■ **Exercise aim**
Each line of the listing, apart from the pictures, is to be printed exactly.

■ **Recorded data**
------
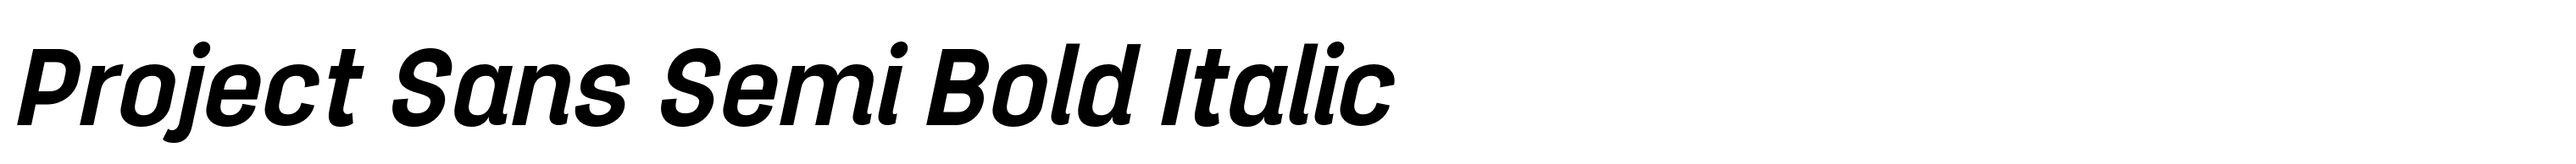 Project Sans Semi Bold Italic
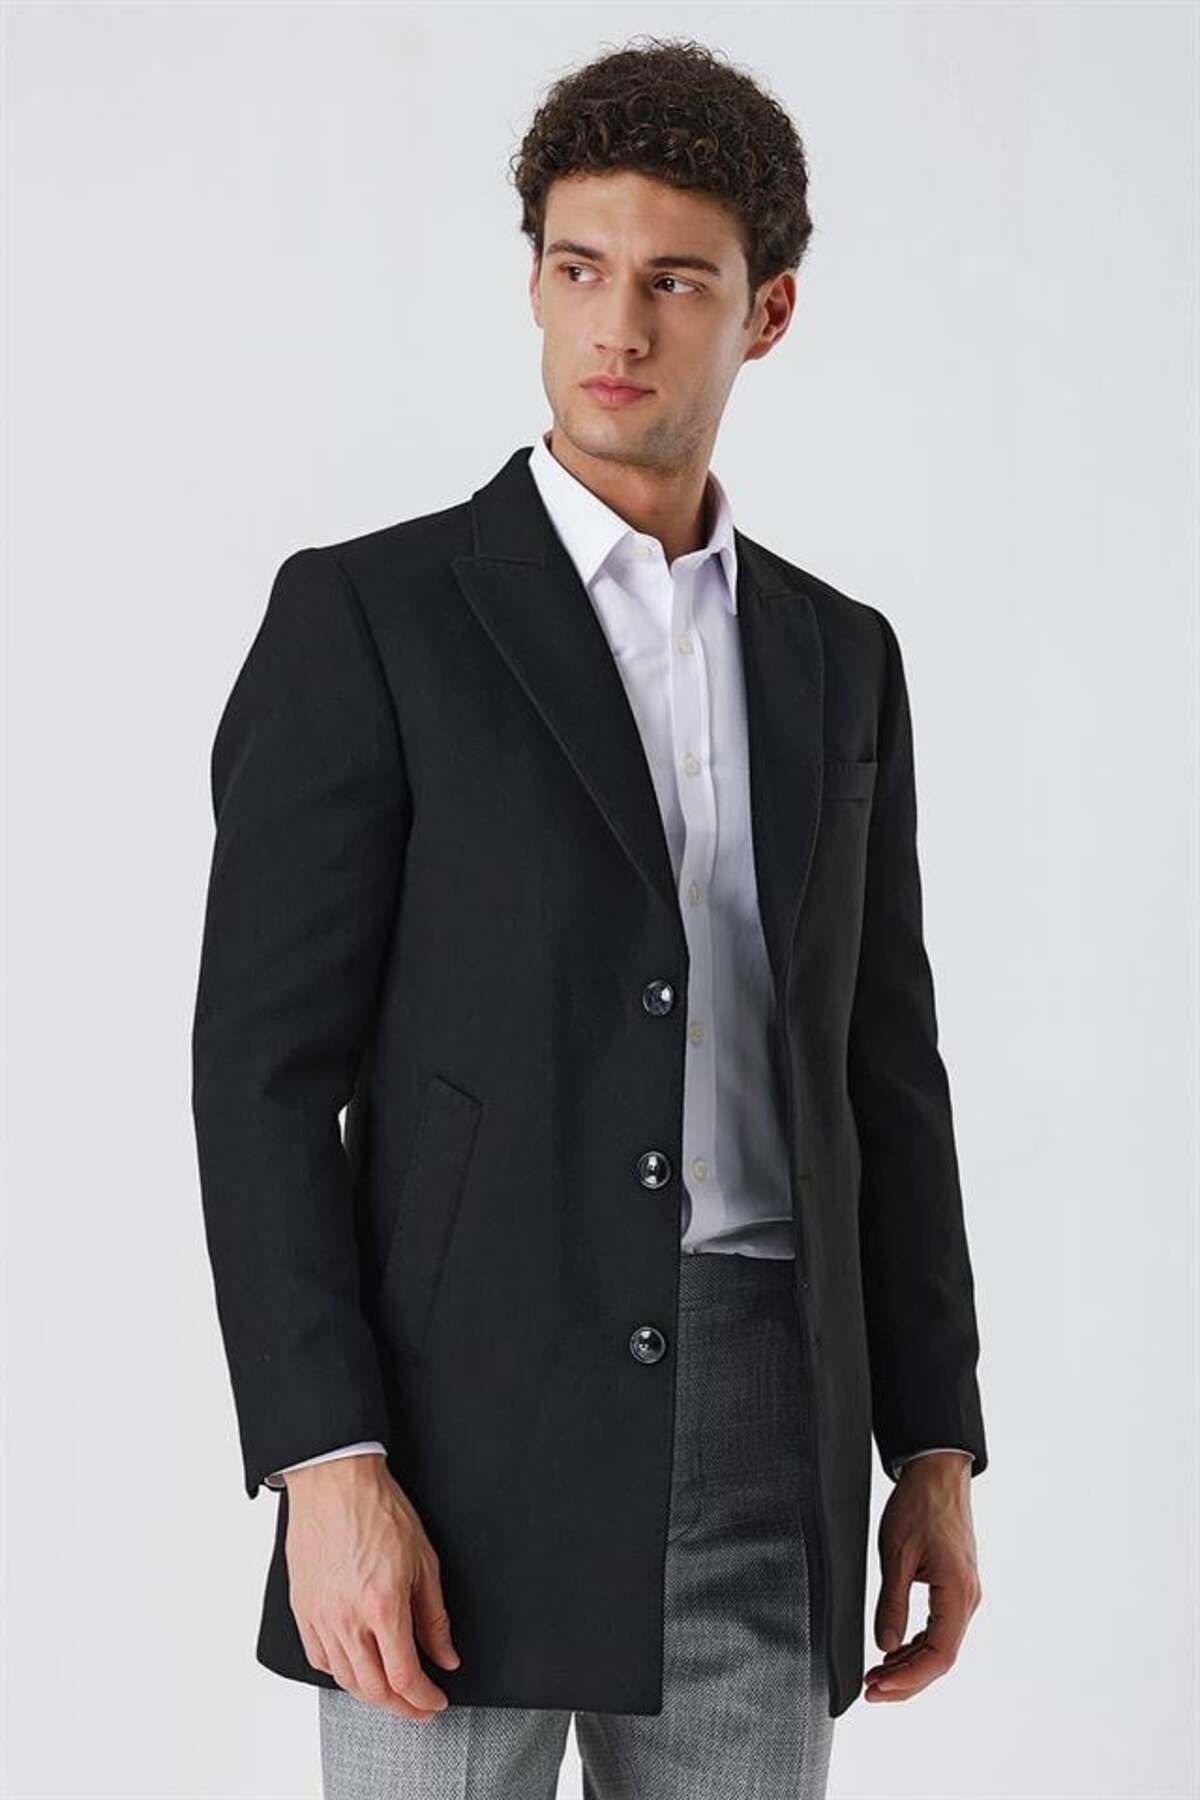 İmza Siyah Kaşe Kırlangıç Yaka Yırtmaçlı Astarlı Slim Fit Dar Kesim Klasik Palto 1005225157
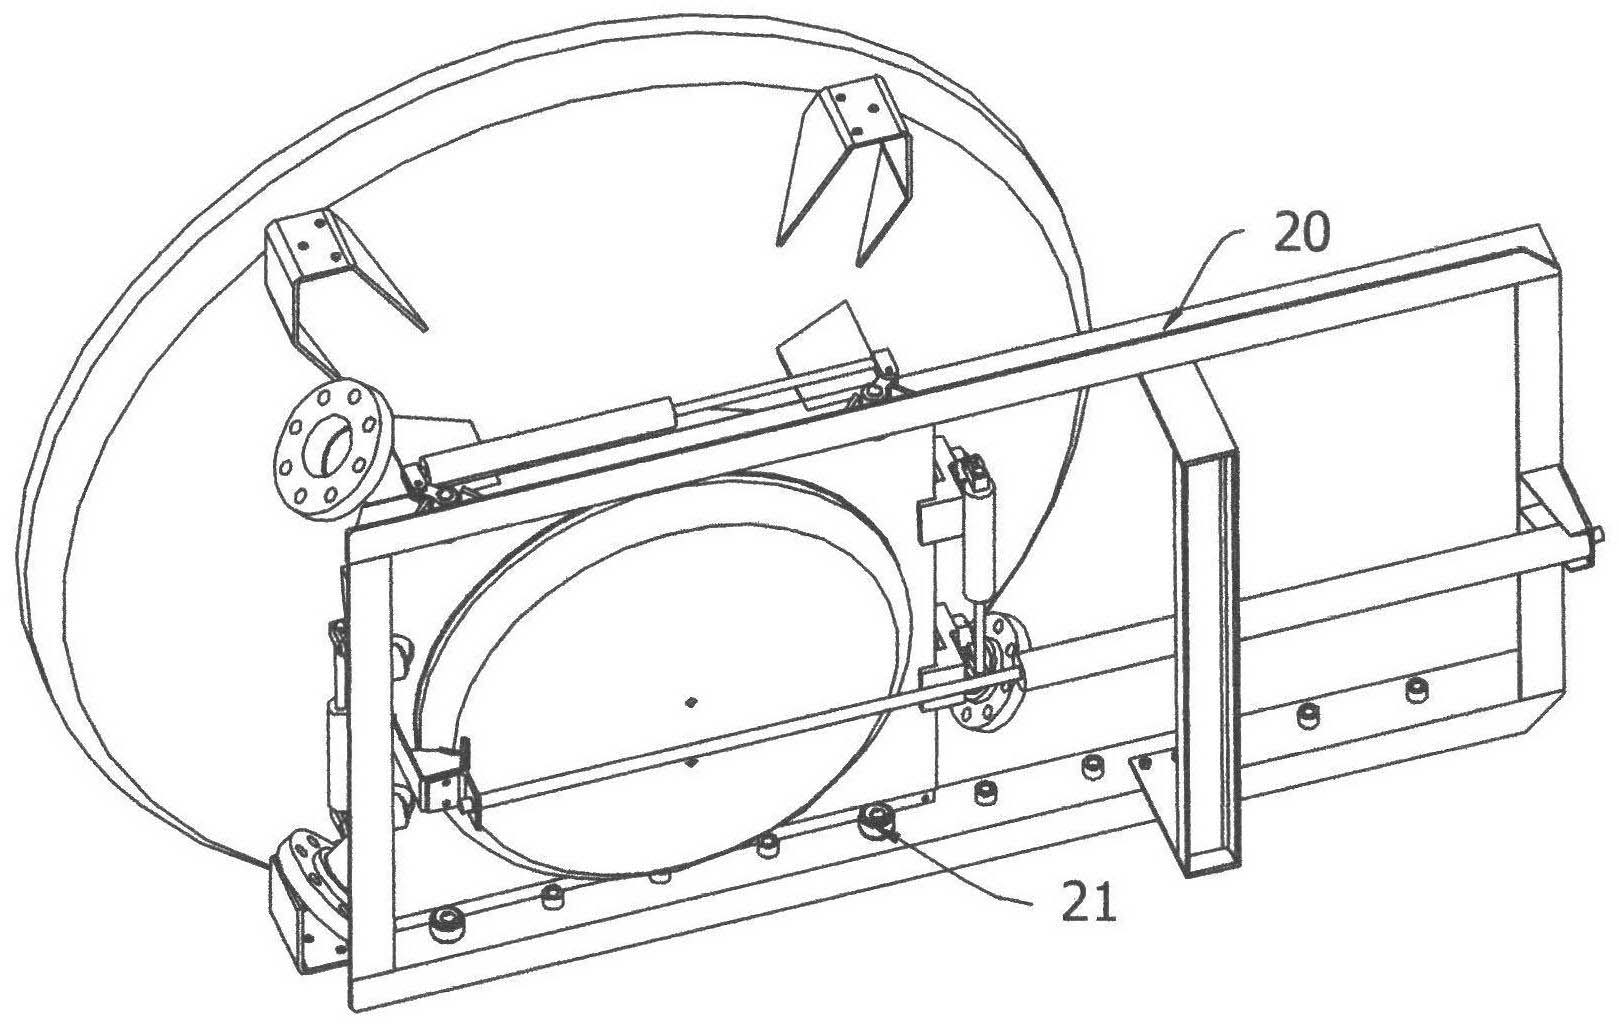 Lower cover structure of frameless sterilizing tank
------
■ **Result of the task**
 Project Sans Semi Bold Italic
 İmza Siyah Kaşe Kırlangıç Yaka Yırtmaçlı Astarlı Slim Fit Dar Kesim Klasik Palto 1005225157
 Lower cover structure of frameless sterilizing tank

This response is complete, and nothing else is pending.